# Island Area ICE !



## hearttxp (Dec 21, 2004)

Okay Dont want to get too excited ? But have a Friend who lives on one of the islands and this morning as far as he can see is ICE everywhere.

Yes I do see small warm up next week ? But who knows ?

At least it is a start and MORE than last year! Hopefully the Ice Gods will see to a Nice Long Ice season ?


----------



## hearttxp (Dec 21, 2004)

Here is a air photo from today !


----------



## Carpman (May 18, 2005)

Just as i reported yesterday.......hopefully it stays thru 40 and rain next week. I need some eyes.


----------



## K gonefishin (May 4, 2004)

Looks like ice making weather to me! 

http://www.intellicast.com/Local/Weather.aspx?location=USOH9924 

Remember, the daytime high is only reached for a short period of time during the day from 4pm-10am it's colder and more near the low rather than the high. Any temp below freezing will slowly build ice, I just might be flying over by the end of the month! 

We need another freeze though for it to get real good.


----------



## Scum_Frog (Apr 3, 2009)

the few days in the mid 30s shouldnt hurt much....if anything it'll help melt the junk top layer.......cant wait for the ice season to stay for monntthhhss!!!


----------



## Double J (Jan 7, 2009)

Nice pic! Hope we get on it this year!


----------



## captmike (Feb 16, 2007)

That may be the most beautiful picture I have seen in nearly two years


----------



## hearttxp (Dec 21, 2004)

captmike said:


> That may be the most beautiful picture I have seen in nearly two years


I agree ! Have a few More pic's ! 

Just hope we get a cold snap and NO wind ?

Will see If I can get new pic's Friday ?


----------



## NorthSouthOhioFisherman (May 7, 2007)

You guys... Oh you guys... I guess I'll keep my debbie downerness to myself lol


----------



## captmike (Feb 16, 2007)

Have to be optimistic or depression sets in


----------



## Double J (Jan 7, 2009)

Don't look at that rain in next weeks forecast....yuck!!!!


----------



## K gonefishin (May 4, 2004)

Yeah but check this out. 

http://www.newsnet5.com/dpp/weather...lowed-by-major-Arctic-plunge-in-northern-Ohio


----------



## laynhardwood (Dec 27, 2009)

I like the optimism k gone,winter just started and its far from over IMO 


Posted using Outdoor Hub Campfire


----------



## sherman51 (Apr 12, 2011)

i dont like the cold and loved last winter. so i,ll try to help the ice fisherman out this year. i hope you get the ice you want and you all catch alot of fish.
sherman


----------



## allwayzfishin (Apr 30, 2008)

Sure hope Erie freezes over this year.
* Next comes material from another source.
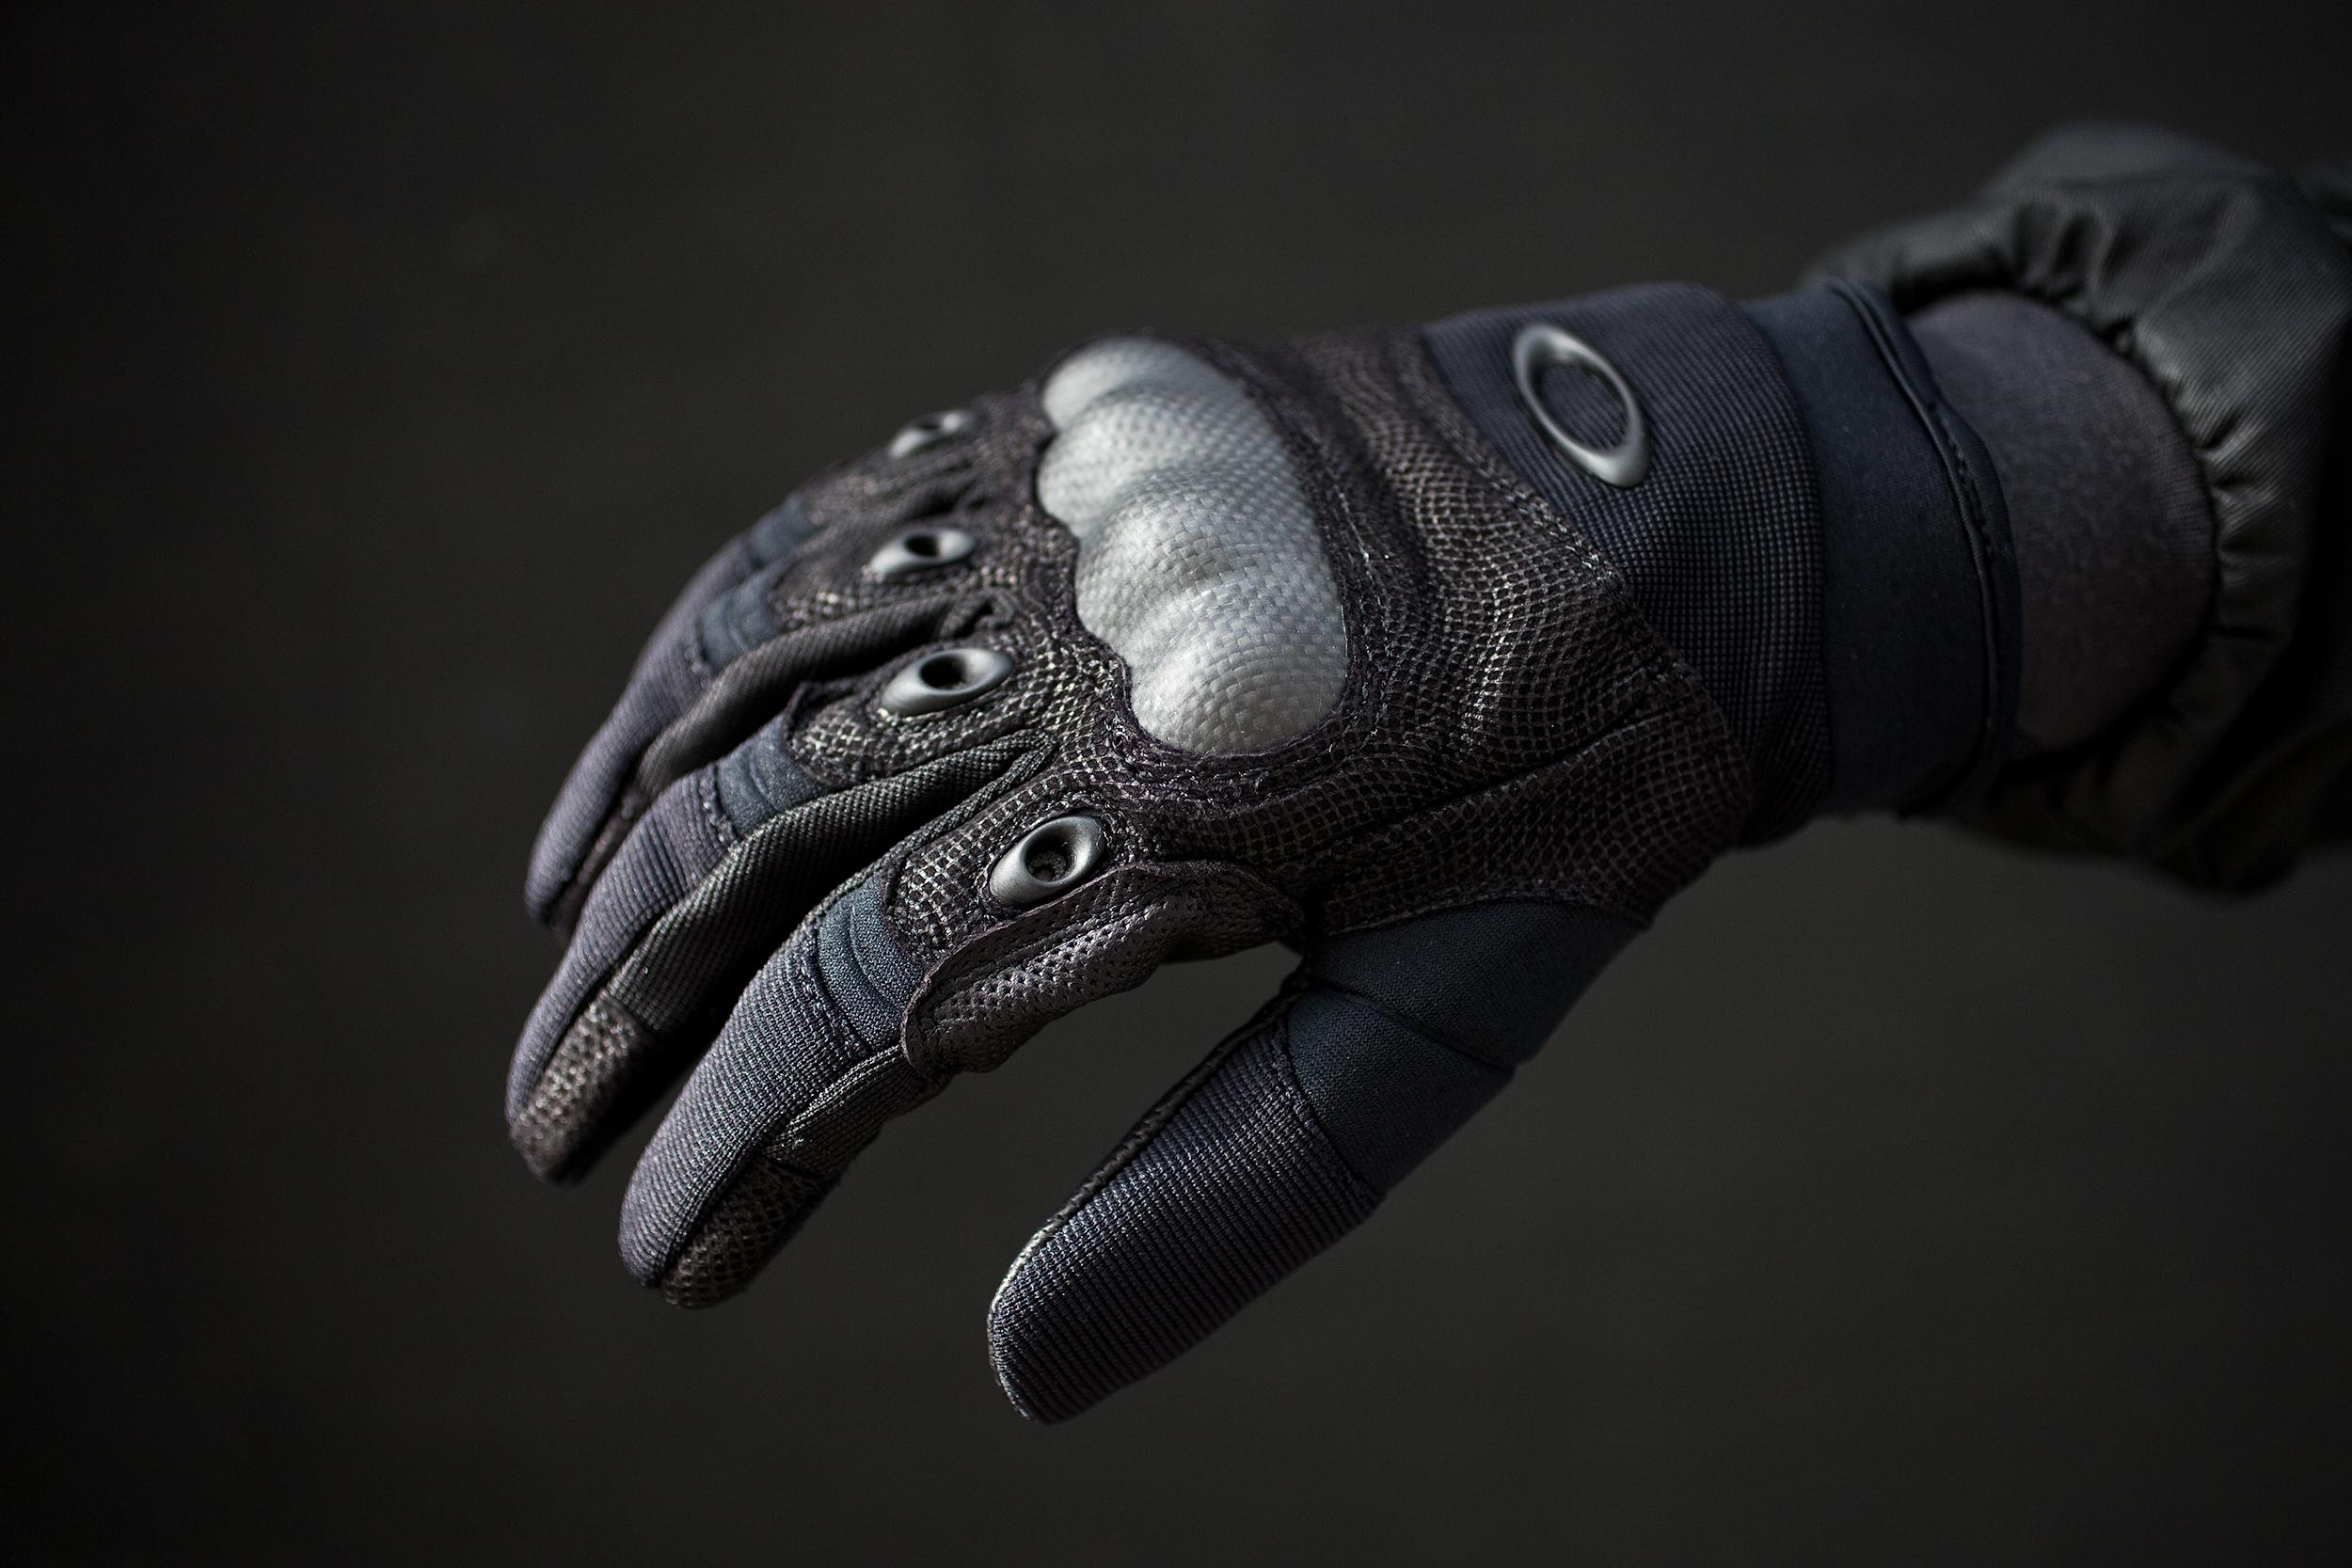 Перчатки Oakley (карбон, кевлар, козья кожа, неопрен, лайкра)
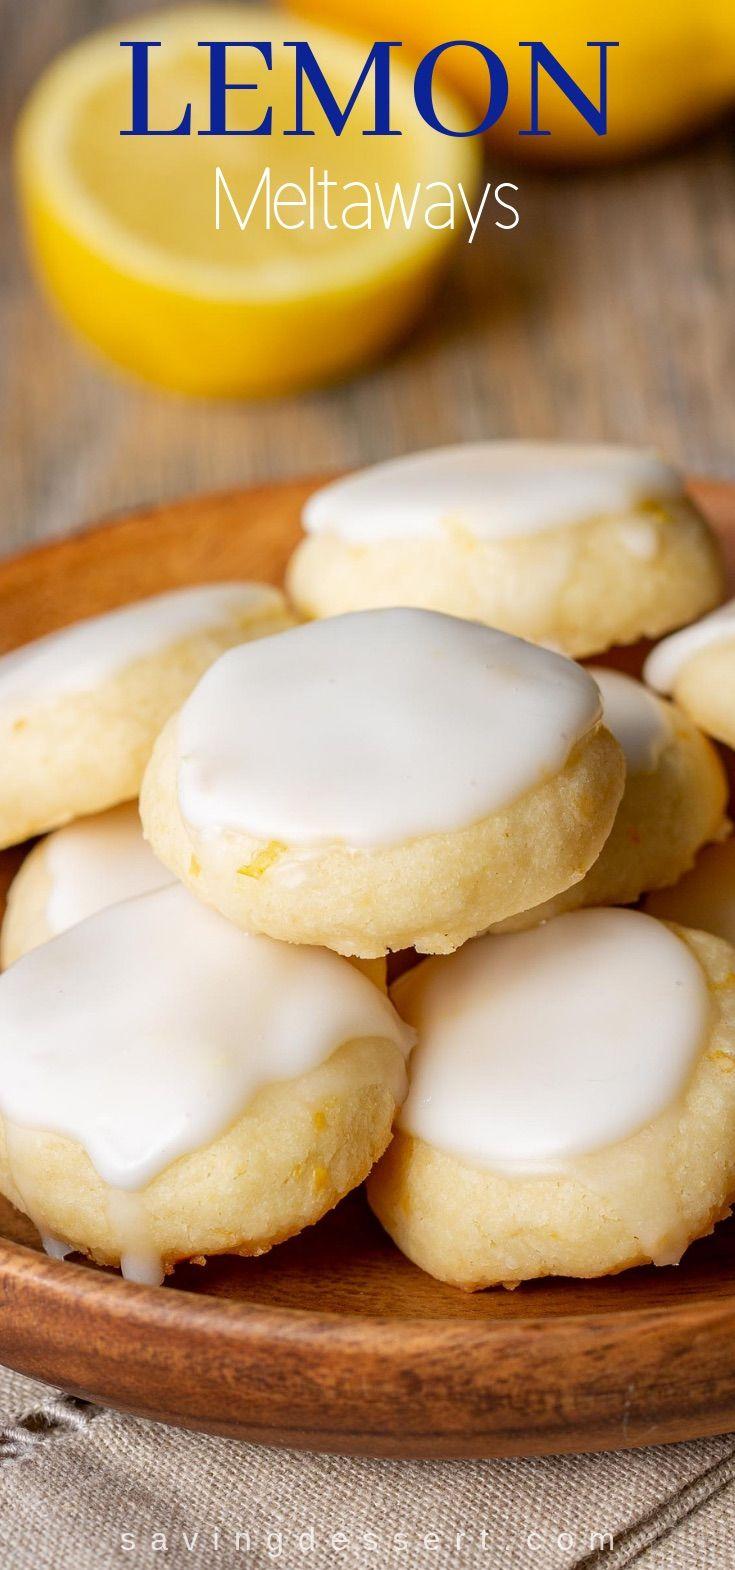 Lemon Meltaways #cookiedesserts

Ive been wanting to get out there for my first erie ice eye. Interesting read K-gone...hope it holds true and we ice fish into the 3rd week of March


----------



## NorthSouthOhioFisherman (May 7, 2007)

I hope that is true too, sure would make for some good snowmobiling weather too!


----------



## K gonefishin (May 4, 2004)

I did more Google searching last night on this article blast seen a few other news stories seems the great plains great lakes parts of Midwest and northeast could get it they are looking between the 15th and 20th of Jan. If it happens Erie will fish including mainland and obviously Ohio will get great ice. We will have good ice well into march let's cross our fingers and hope it happens it would be great. 

posted using Outdoor Hub Campfire


----------



## Carpman (May 18, 2005)

Kgone, 

I read the same stuff, it got me excited. Don't even care about the warmup now......


----------



## sady dog (Feb 10, 2008)

I dont know??? trolling around the cans in Febuary and march was pretty dang cool...then jigging on the reefs in jeans and a t shirt was awesome...

But I am ready to ice fish...bring on the freeze !!


----------